Suppose we have the input that looks like the sequence of simple English statements, each on a separate line, like these:
Alice checks
Bob bets 100
Charlie raises 100
Alice folds
Let's try parsing it with this grammar:
actions: action* EOF;
action: player=name (check | call | raise | fold) NEWLINE;
check: 'checks';
call: 'calls' amount;
raise: 'raises' amount;
fold: 'folds';
name: /* The subject of this question */;
amount: '$'? INT;
INT: ('0'..'9')+;
NEWLINE: '\r'? '\n';
The number of different verbs is fixed, but what's interesting is that name that we are trying to match could have spaces in it - and verbs could potentially be parts of it, too! So the following input is valid:
Guy who always bets 100 checks
Guy who always checks bets 100
Guy who always calls folds
Guy who always folds raises 100
Guy who always checks and then raises bets by others calls $100
So the question is: how do we define name
so it is greedy just enough to eat spaces and words that we are usually treating as verbs, but is not super-greedy so that the verbs could still be matched by action
rule?
My first attempt at solving this task was looking like this:
name: WORD (S WORD)*;
WORD: ('a'..'z'|'A'..'Z'|'0'..'9')+; // Yes, 1234 is a WORD, too...
S: ' '; // We have to keep spaces in names
Unfortunately, this will not match 'Guy who always bets', since bets
is not a WORD
, but a different token, defined by a literal in bets
rule. I wanted to get around that by creating a rule like keyword[String word]
, and making other rules match, say, keyword["bets"]

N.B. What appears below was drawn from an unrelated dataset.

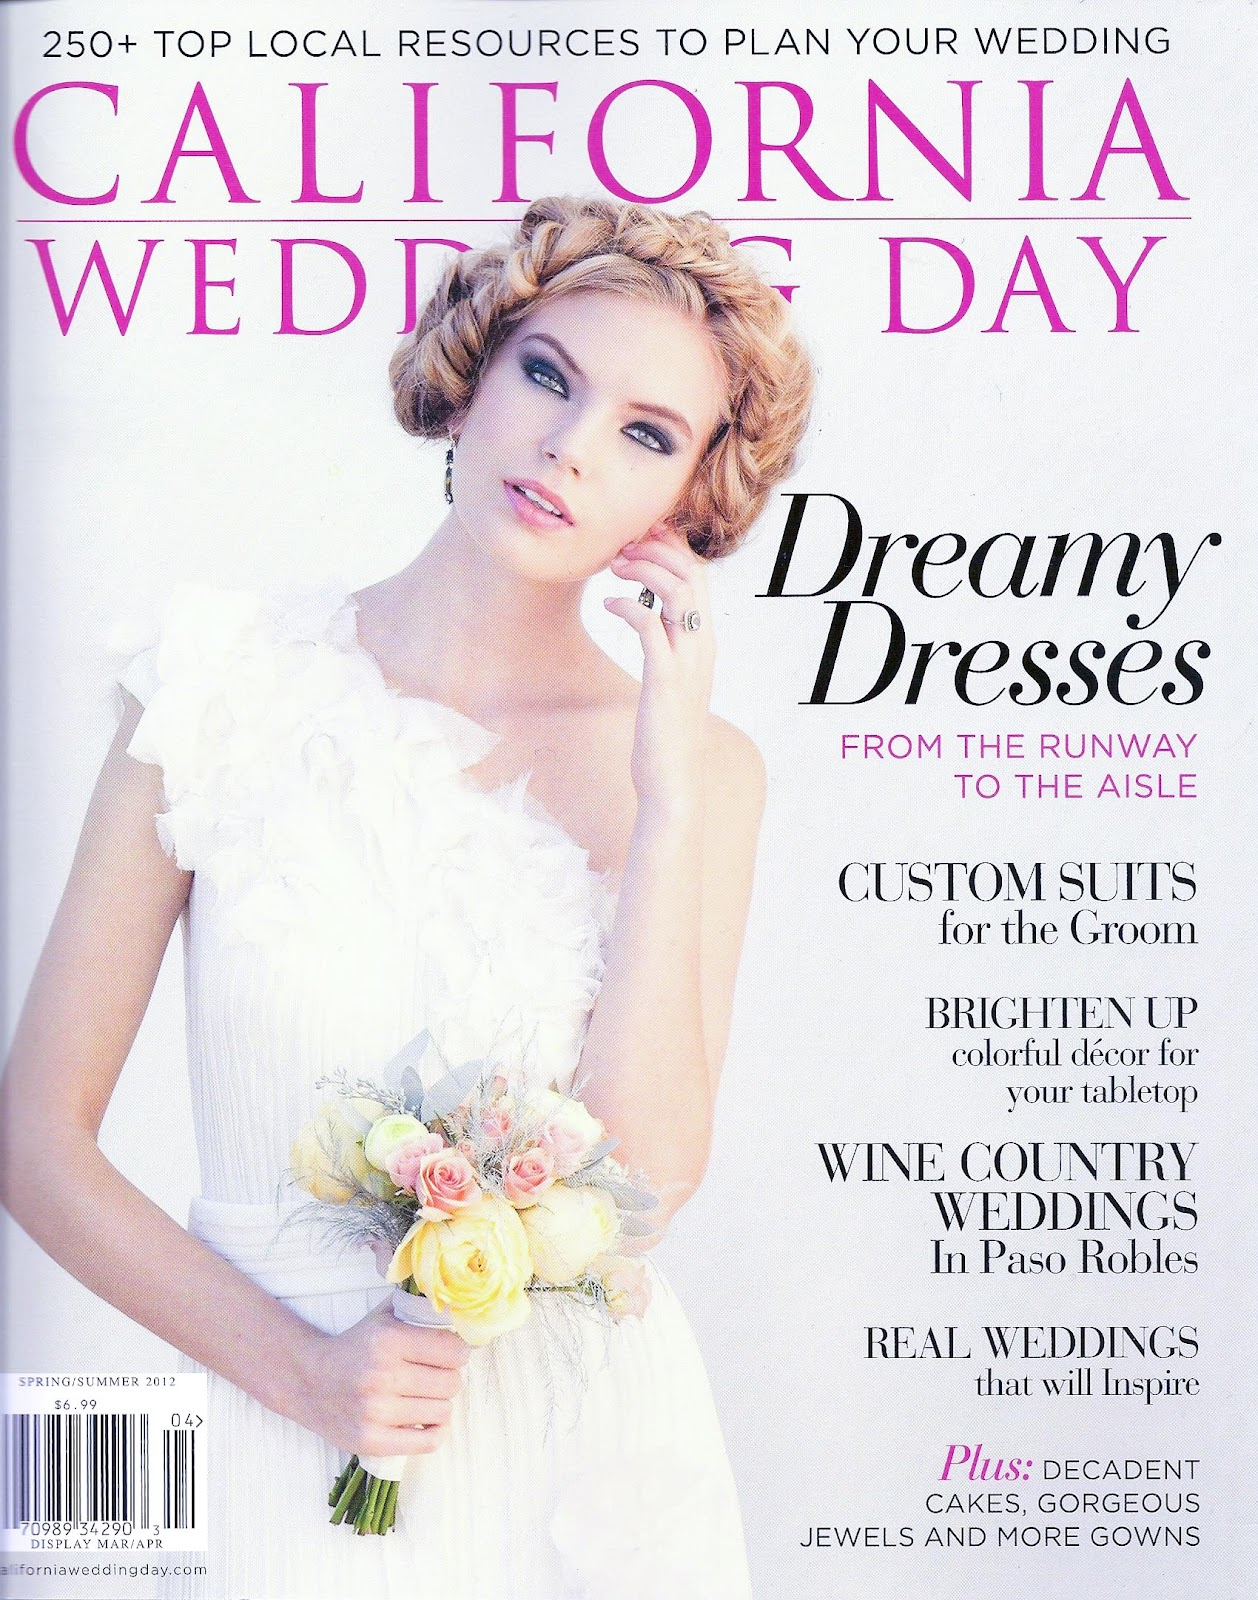 sylvie-gil-film-photography-wedding-california-wedding-day-alicia-design-published-print-magazine

instead of a literal, but that's where I got stuck. (I guess I could just list all my verbs as valid alternates to be a part of a name
, but it just feels wrong.)
Here is what more: all the name
s are declared before they are used, so I can read them before I start parsing action
s. And they can't be longer than MAX_NAME_LENGTH chars long. Can it be of any help here?
Maybe I'm doing it wrong, anyway. ANTLR gurus, can I hear from you?